Der Vektor pPIC9 (18)
ist ähnlich
dem von pHIL-D4, außer
dass er, benachbart zu dem AOX1-Promotor, Sequenzen, kodierend die
Signalsequenz und Prosequenz des alpha-paarenden Faktorgens von
Saccharomyces cerevisiae einschließt. Dem pPIC9 mangelt außerdem auch
das Kanamycin-Resistenzgen von pHIL-D4.
-
Ein BamHI-Ort in pPIC9, lokalisiert
unmittelbar oberstromig vom 5'-Ende
des alpha-paarenden Faktorgens, wurde entfernt und die Sequenzen
zu denen, welche dem natürlichen
AOX1-Gen ähneln,
durch die Polymerasekettenreaktion (PCR) (Perkin Elmer Cetus, CA)
wiederhergestellt. Die Fragmente von pPIC9 wurden unter Verwendung
der folgenden Primer-Paare getrennt amplifiziert:
-
Die PCR-Reaktionen wurden in einem
Perkin Elmer Cetus DNA Thermocycler unter Verwendung des Perkin
Elmer Cetus GeneAmp-Kits mit AmpliTaq®-DNA-Polymerase
durchgeführt.
Es wurden die vom Hersteller bereitgestellten Anleitungen befolgt.

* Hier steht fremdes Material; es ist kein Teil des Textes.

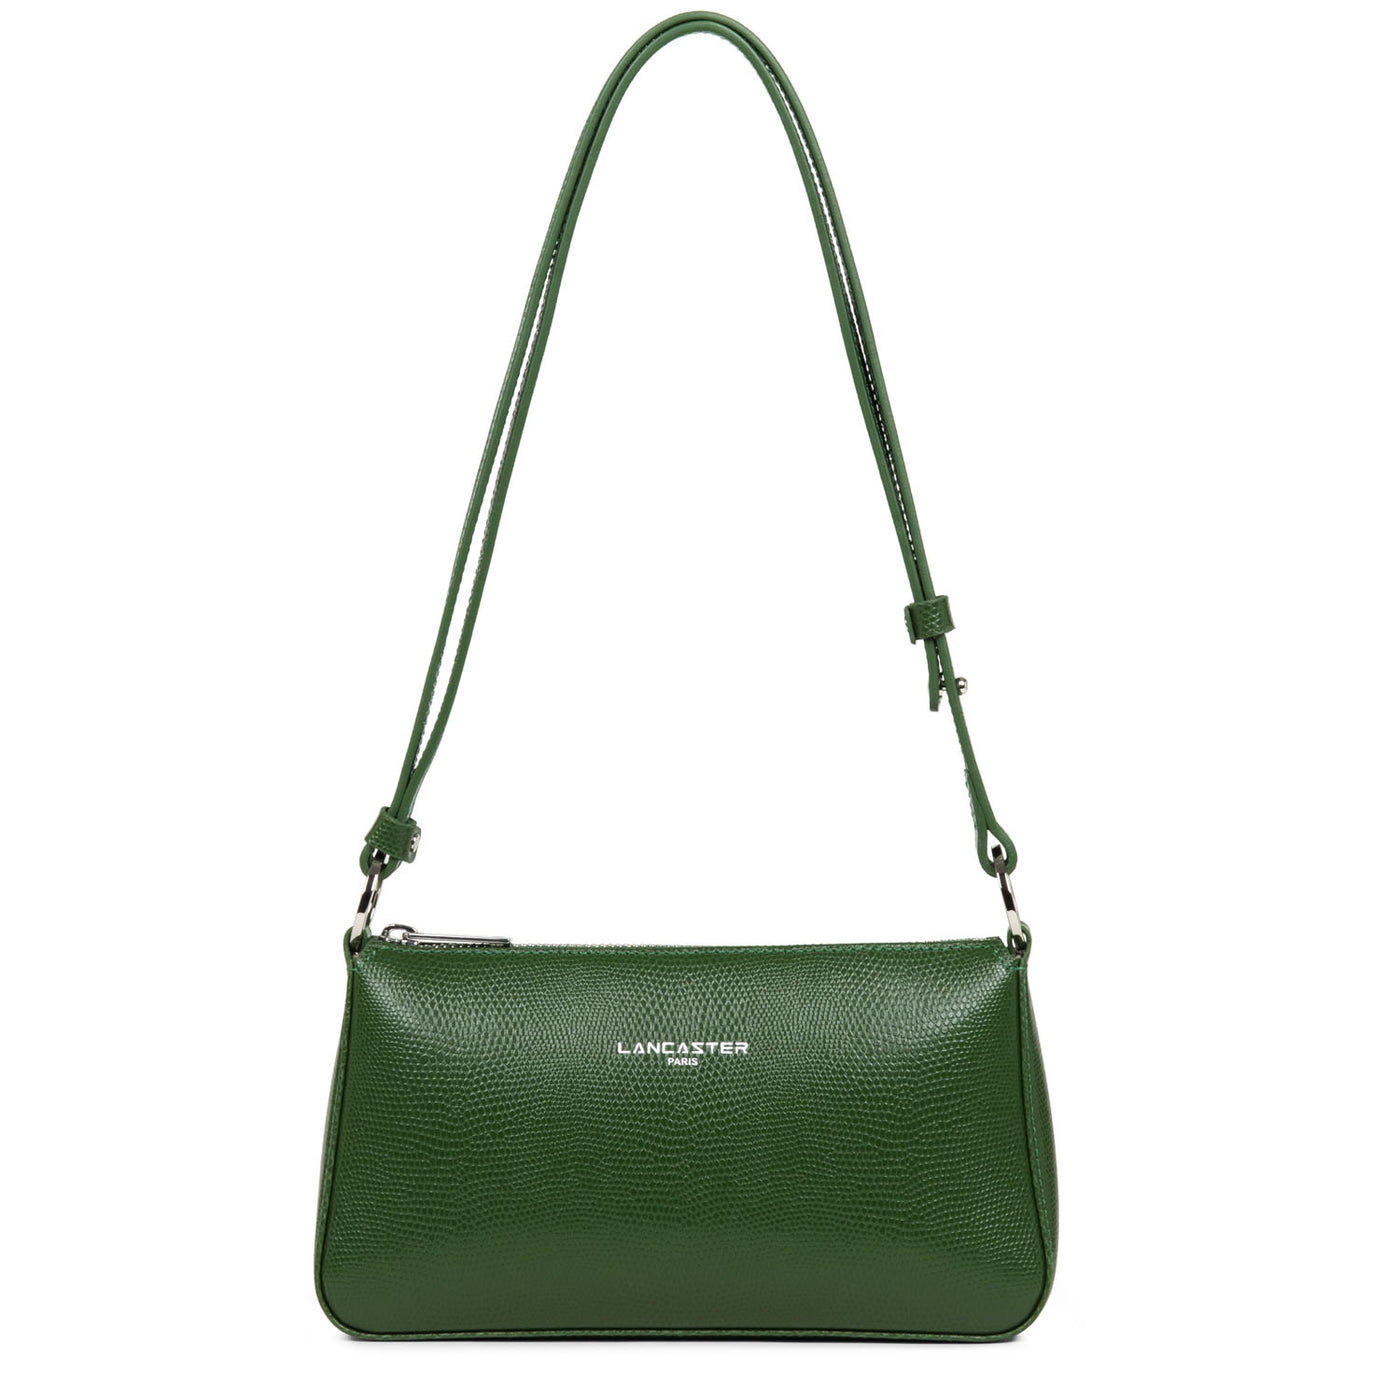 sac trotteur - lucertola #couleur_vert-pin
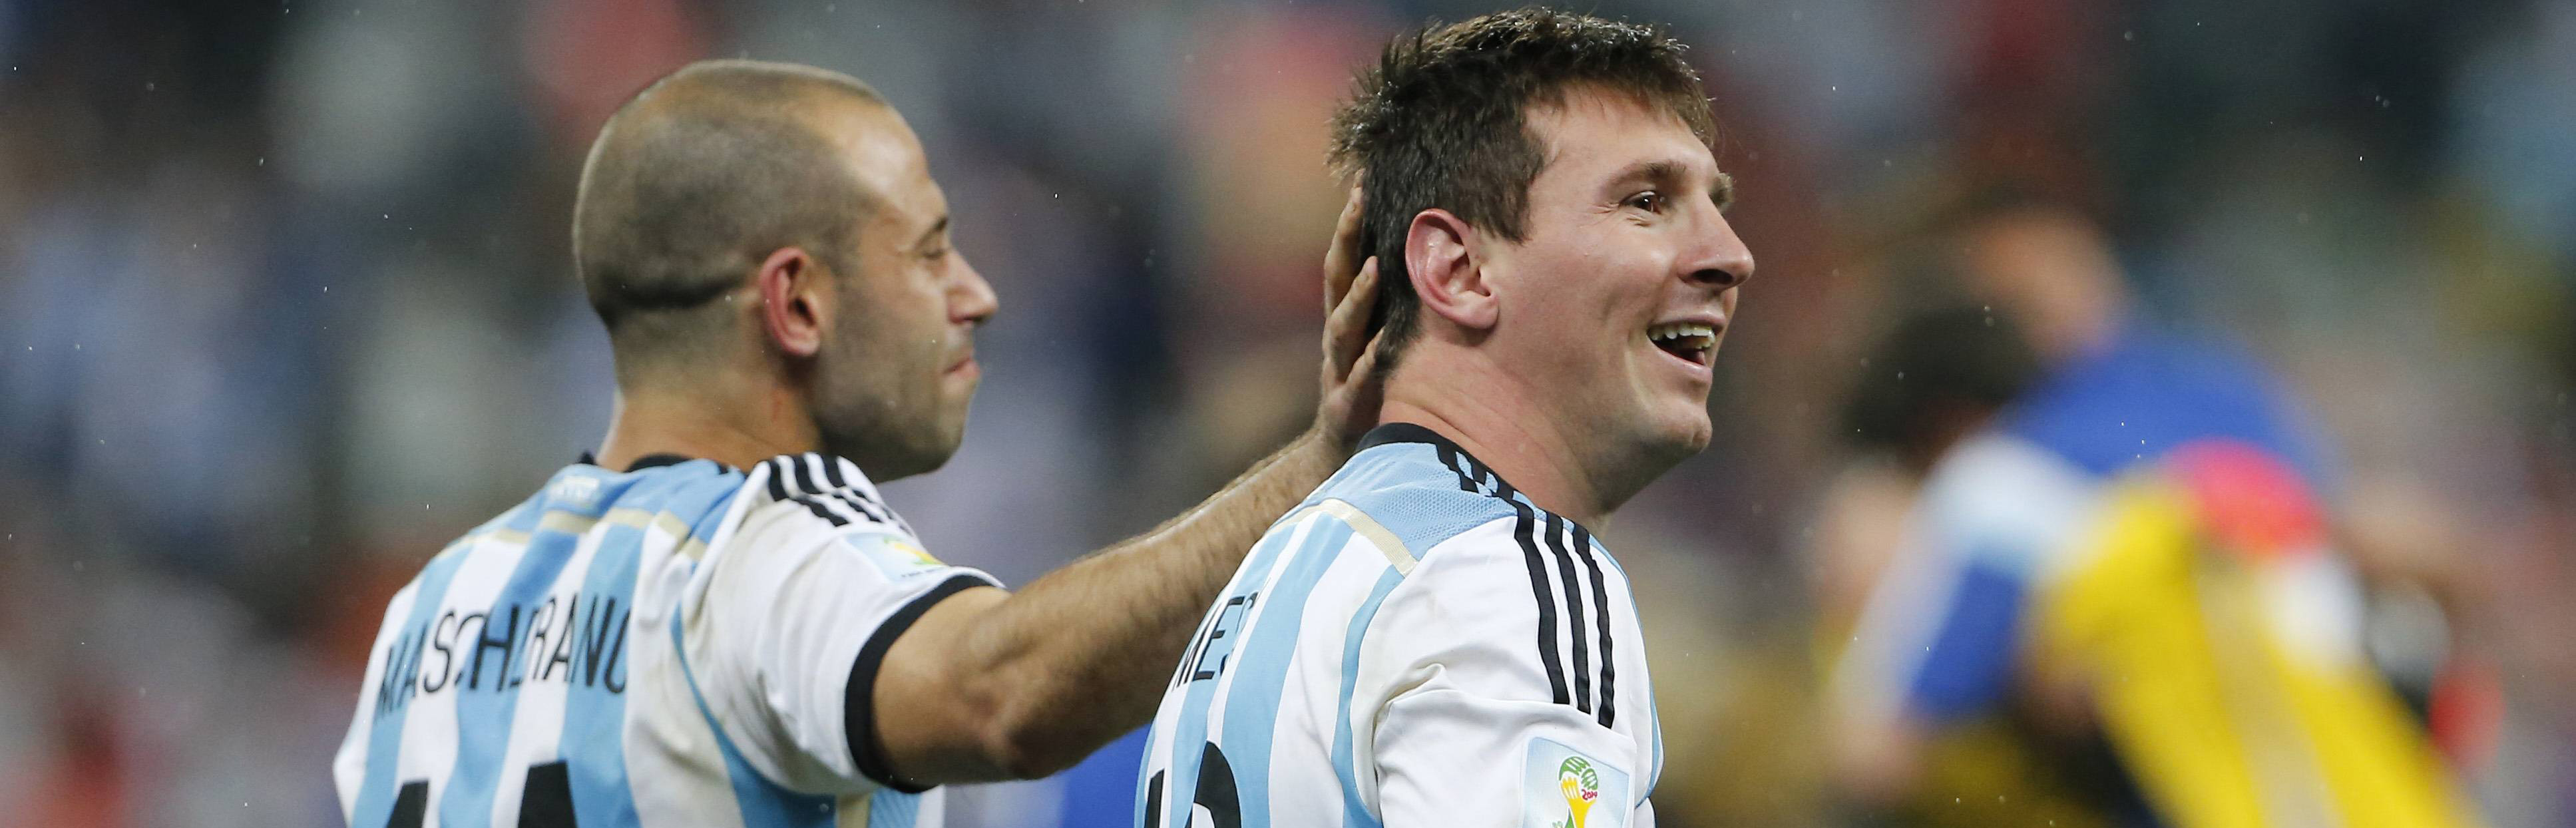 Lionel Messi (r) viert feest met ploeggenoot Javier Mascherano na het bereiken van de WK-finale.

Die Matrizen-DNA betrug ca. 0,2 ng pPIC9-DNA, aufgeschlossen mit Endonukleasen
BglII und PvuII und anschließend
mithilfe des GENECLEAN®-Verfahrens (Bio101, Inc., P.O. Box 2284,
La Jolla, CA) wiedergeworinen. Das PCR-Programm schloss (a) 1 min
bei 94°C;
(b) 4 Zyklen bestehend aus 1 min bei 94°C, 2 min bei 45°C, 1 min
bei 72°C;
(c) 25 Zyklen, bestehend aus 1 min bei 94°C, 1 min bei 60°C, 1 min
bei 72°C
(verlängert
um 10 sec je Zyklus und (d) 7 min bei 72°C ein. Die Produkte wurden aus
den beiden getrennten PCR-Reaktionen mithilfe des GENECLEAN-Verfahrens
(P.O. Box 2284, La Jolla, CA) wiedergeworinen und in ca. äquimolaren
Mengen gemischt. Dieses Gemisch wurde als Matrize für eine zweite
PCR-Runde unter Verwendung von Primern LB5 und LB6 verwendet. Für diese
Reaktion schloss das PCR-Programm (a) 1 min bei 94°C; (b) 25
Zyklen, bestehend aus 1 min bei 90°C, 1 min bei 60°C, 1 min
bei 72°C (verlängert 10
sec pro Zyklus) und (d) 7 min bei 72°C ein. Das PCR-Produkt wurde
mithilfe des GENECLEAN®-Verfahrens (Bio101, Inc.,
P.O. Box 2284, La Jolla, CA) wiedergeworinen, dann mit Endonukleasen NsiI
und EcoRI aufgeschlossen und wiederum mithilfe des GENECLEAN®-Verfahrens
(Bio101, Inc., P.O. Box 2284, La Jolla, CA) wiedergeworinen. Das
Fragment wurde mittels Elektrophorese in 1,5% Low Melt-Agarose (BioRad)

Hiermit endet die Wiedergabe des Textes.